EXERCISE DETAILS ::
Output the full listing exactly as written, with no pictures in it.

DATA ::
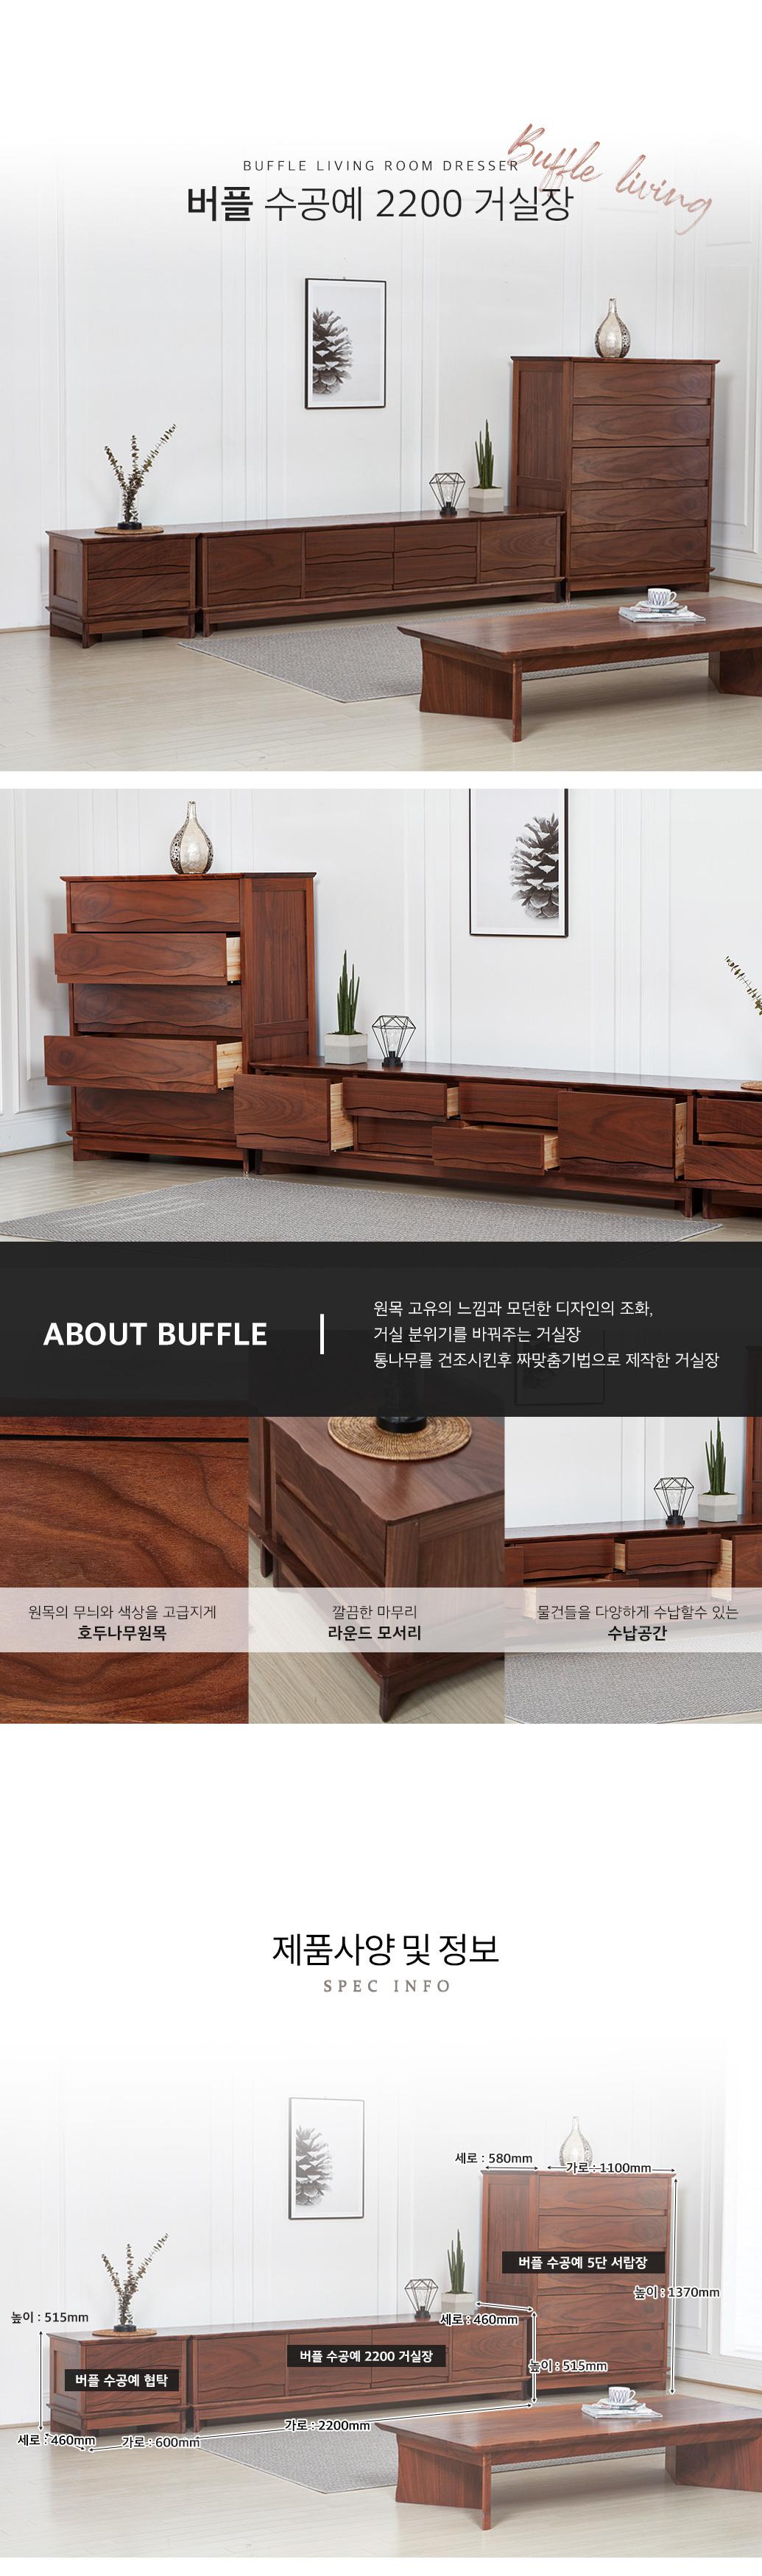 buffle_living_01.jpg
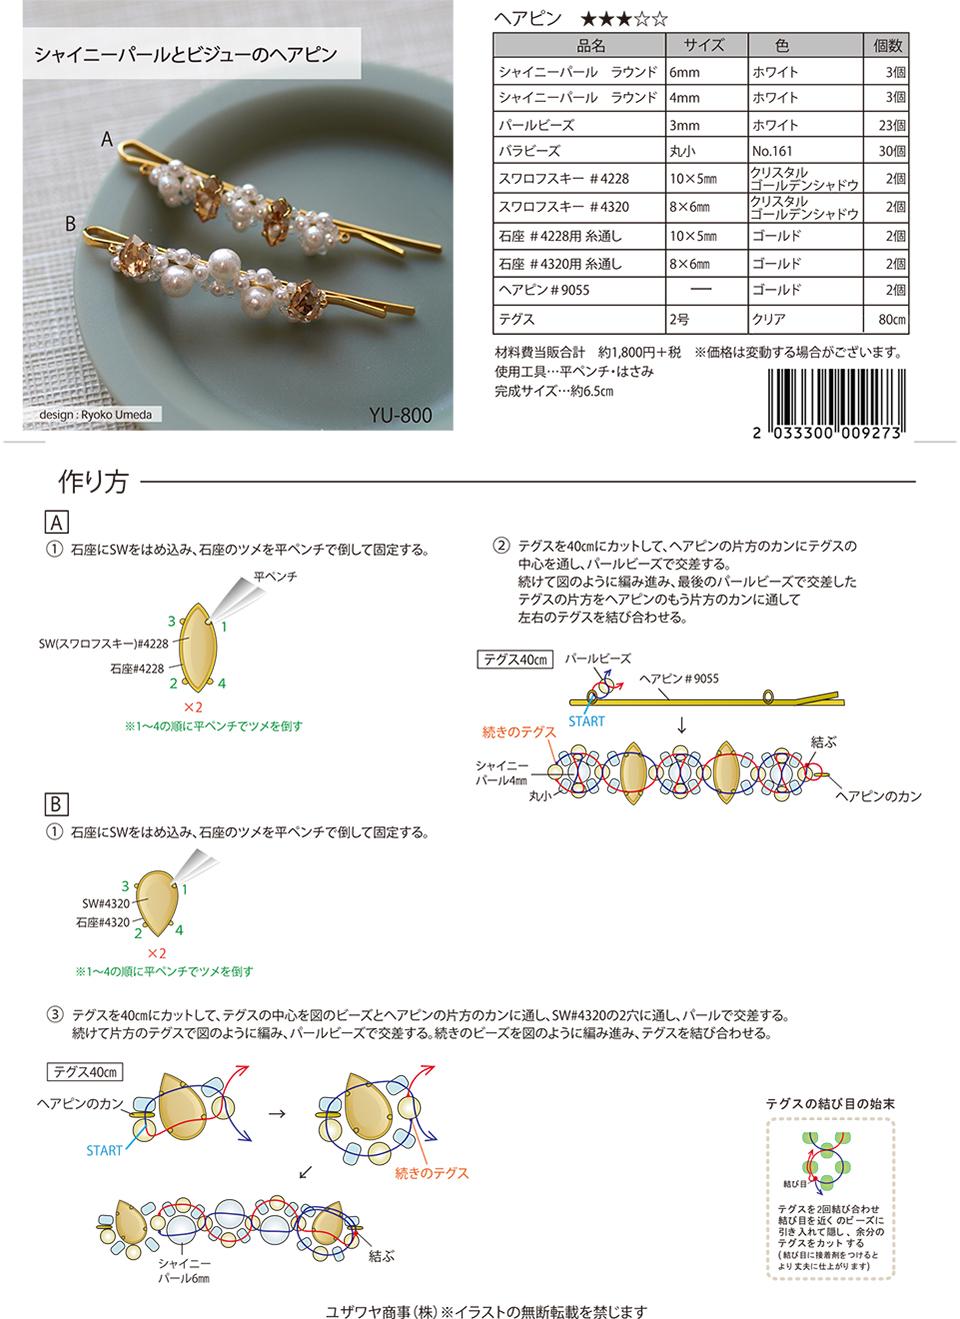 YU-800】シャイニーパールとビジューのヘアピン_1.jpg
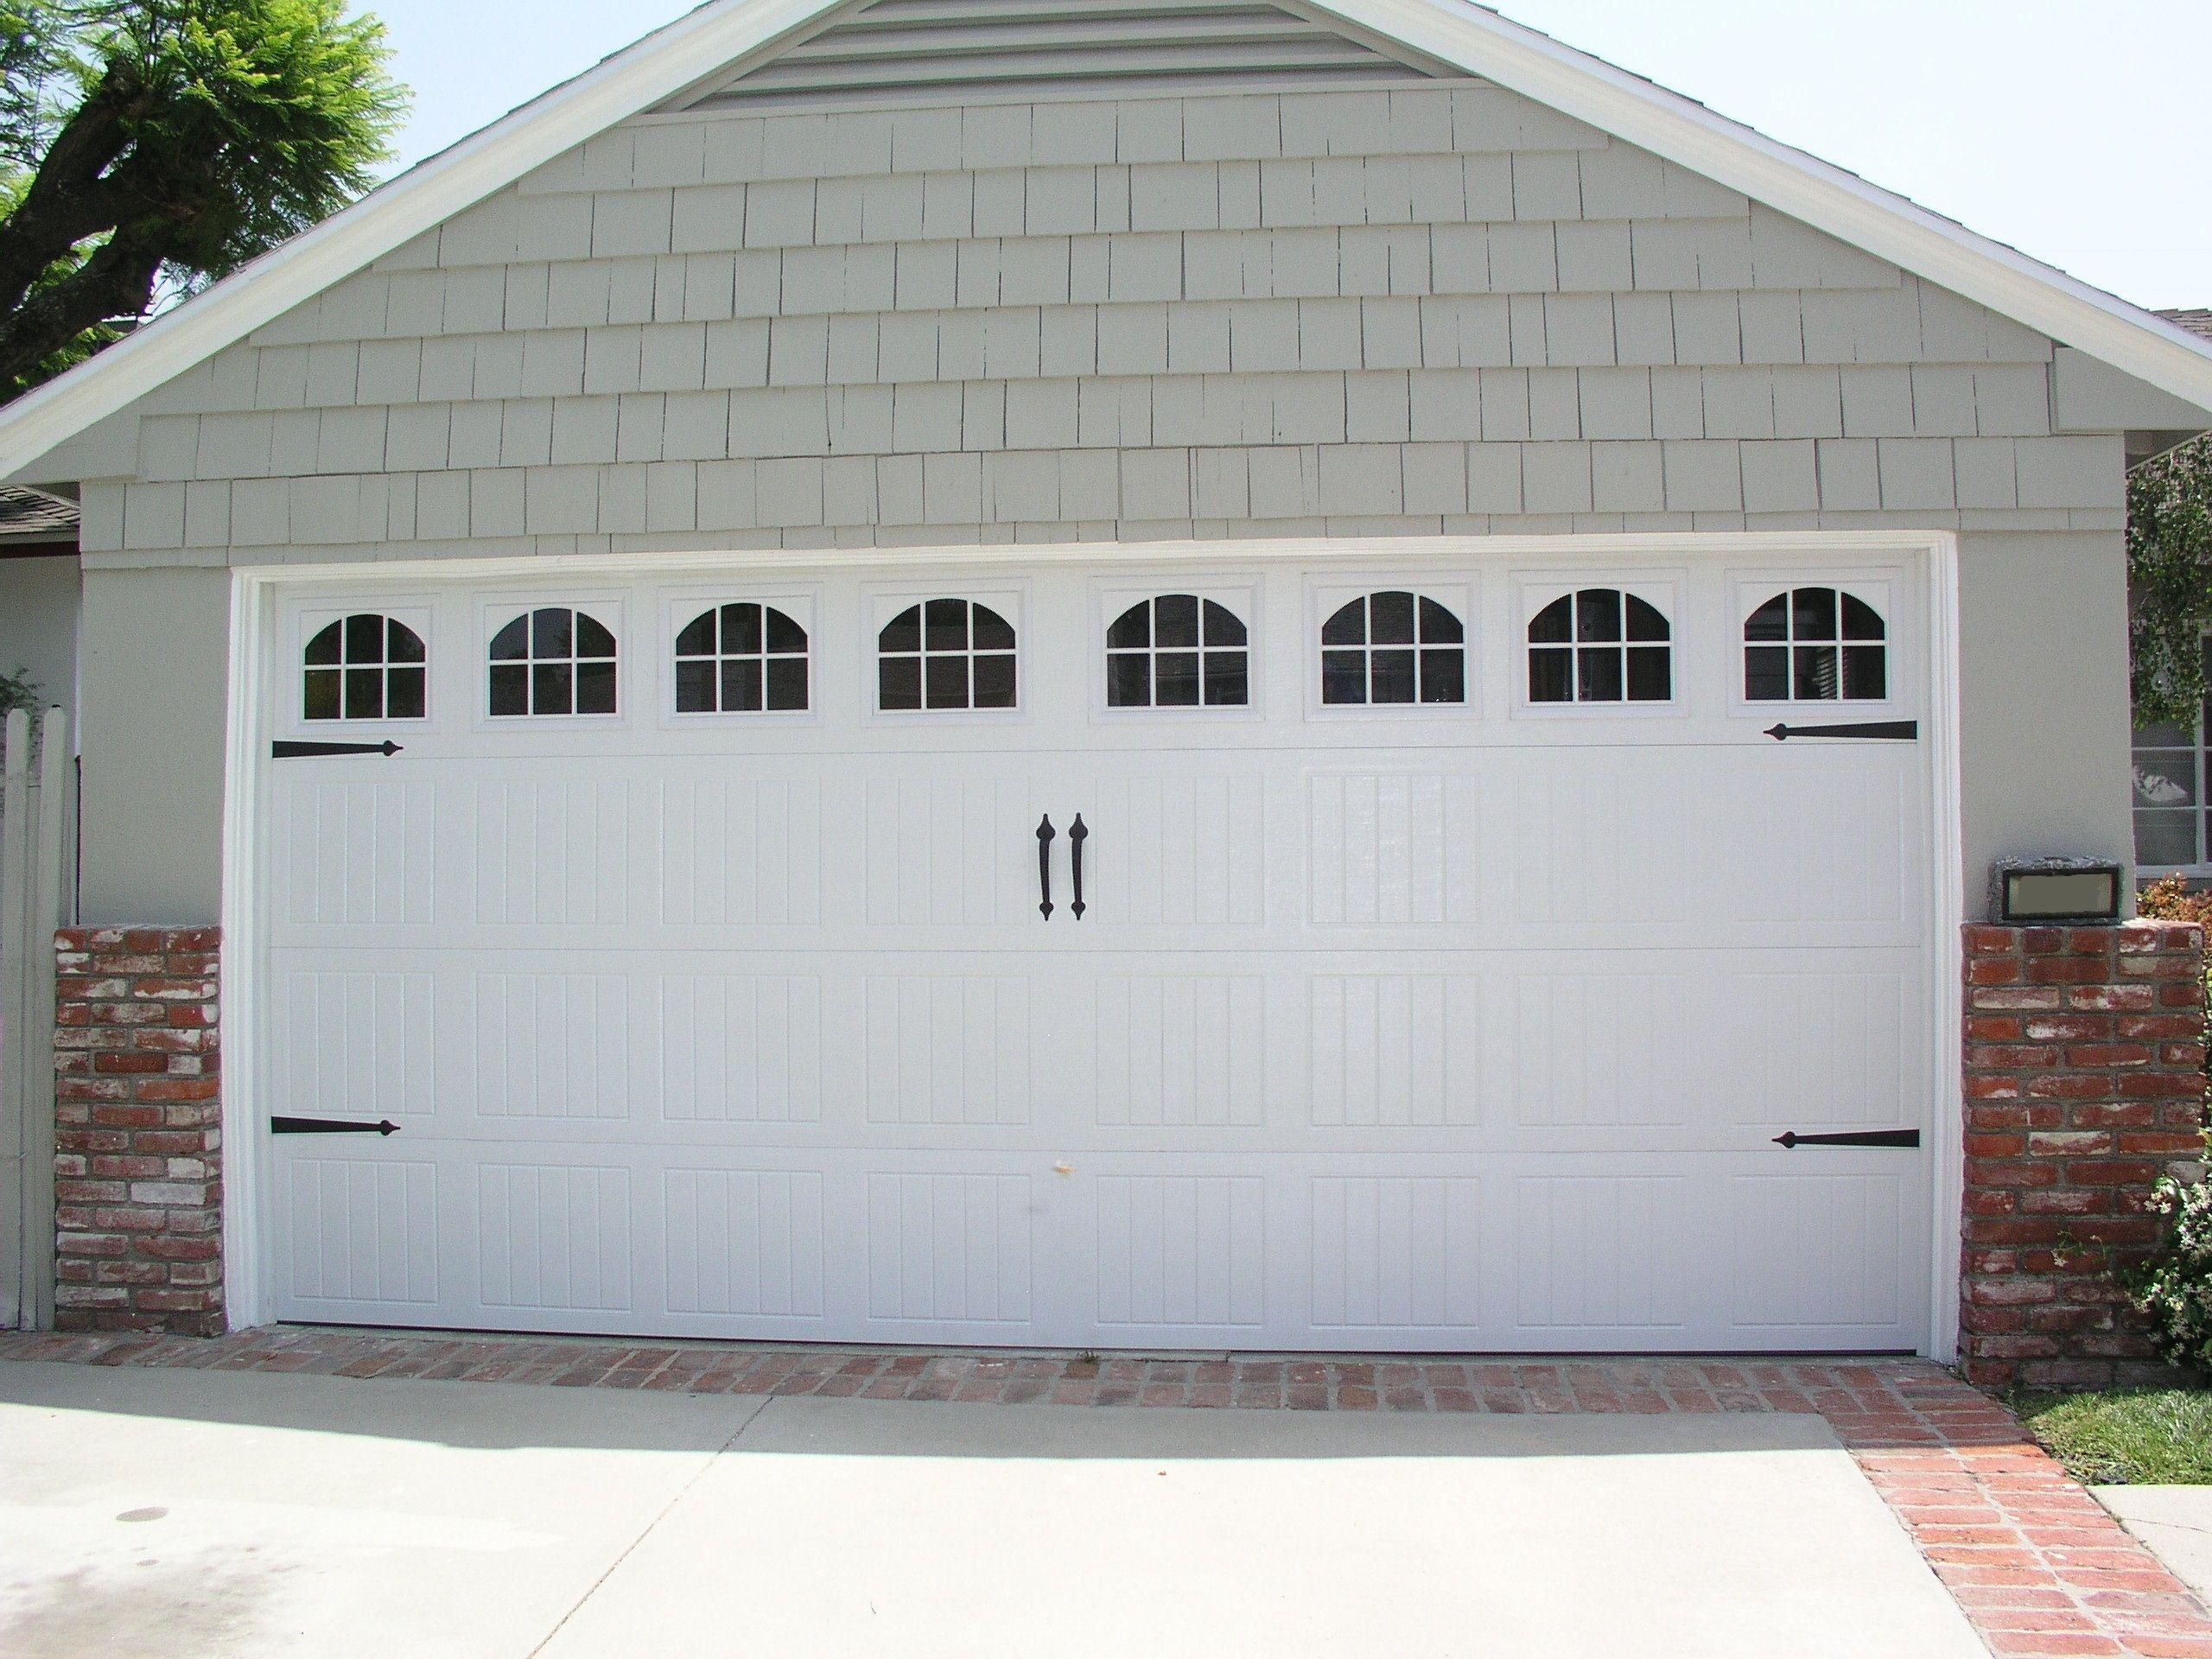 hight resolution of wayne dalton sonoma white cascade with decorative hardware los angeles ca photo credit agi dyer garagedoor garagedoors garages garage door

EXERCISE RESPONSE ::
 buffle_living_01.jpg
 YU-800】シャイニーパールとビジューのヘアピン_1.jpg
 hight resolution of wayne dalton sonoma white cascade with decorative hardware los angeles ca photo credit agi dyer garagedoor garagedoors garages garage door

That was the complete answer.